Verde jade que rechina con el roce de una mano limpia, acallando la voz que perturba el ruido de tu descomposición. Cogiste tu herencia en vida de tus padres, robaste a tus hermanos cuanta unidad y verdad pudiste. A todos nos prendiste en las telas de araña que revisten tu lóbrego interior y succionaste el etéreo zumo de nuestras vidas, para dejar sólo cuerpos secos y espíritus desolados. Carcasas de lo que fuimos; unos aún prendidos y otros llevados por el viento, nos queda al menos la existencia para remediar nuestras vidas.
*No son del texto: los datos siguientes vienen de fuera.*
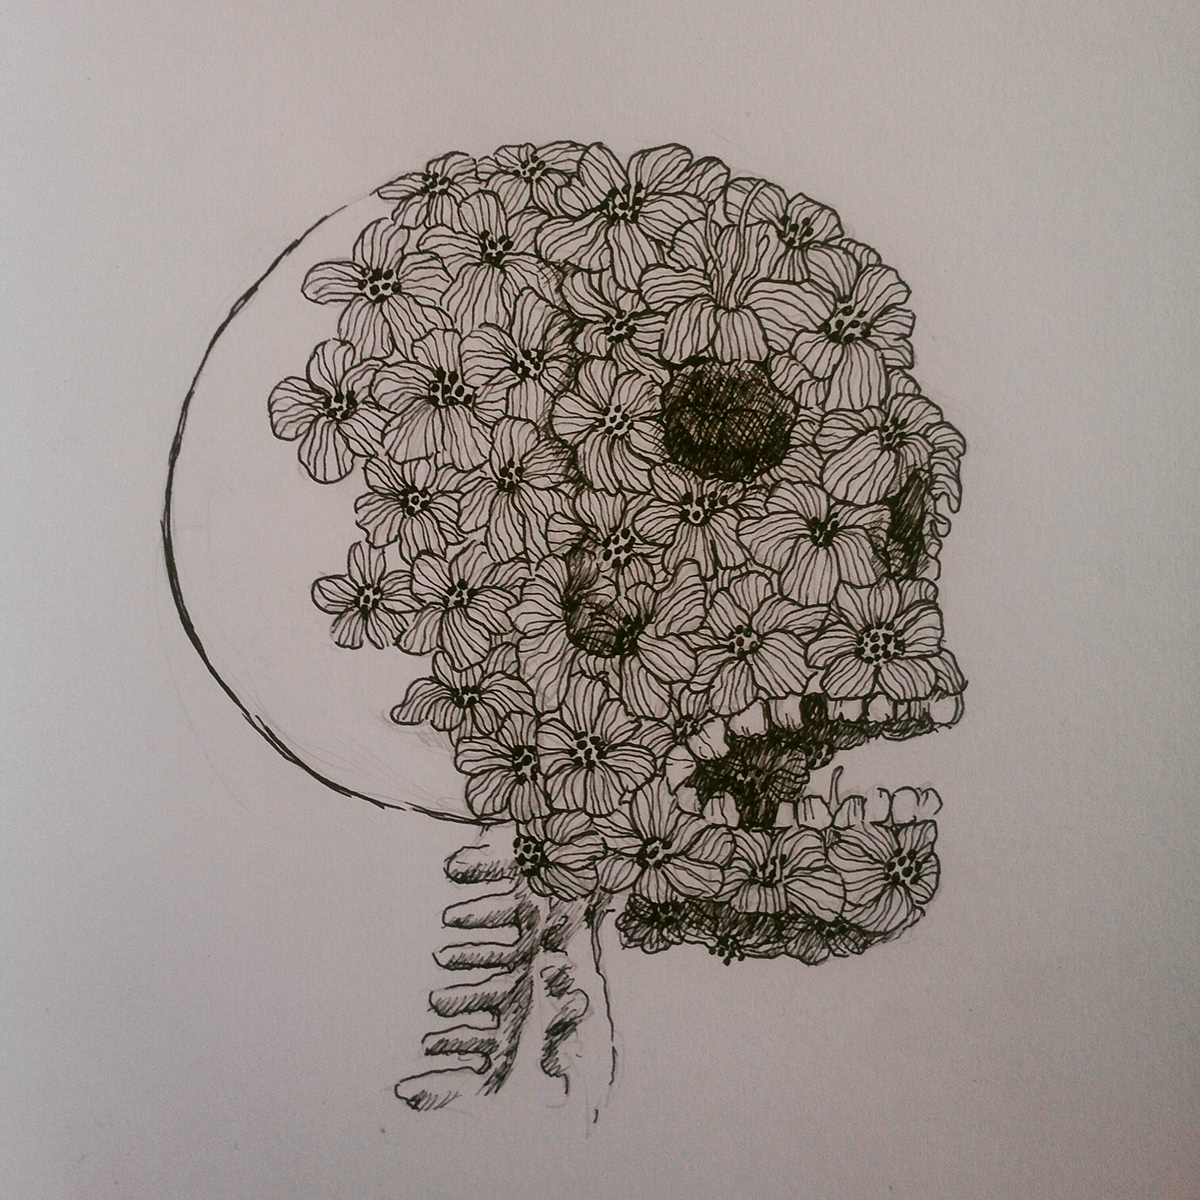 art artist Illustrator flower skull words feelings design sketch

¿Y quieres tú ser parte y juez en litigio conmigo?. No tienes más autoridad que la que tu mismo te atribuyes pues tus obras hablan por ti a tus espaldas y son la parte de mi demanda.
De verde se dice que es el rostro de la envidia, y negro el corazón que cobija. La falta de méritos la suple con la maledicencia de los demás y el deseo de lo que no puedes poseer lo acallas con el desprecio. ¿Quién siendo libre querría tu dirección?.¿Quién despierto permitiría que tu mano se alzara con sus bienes más preciados?.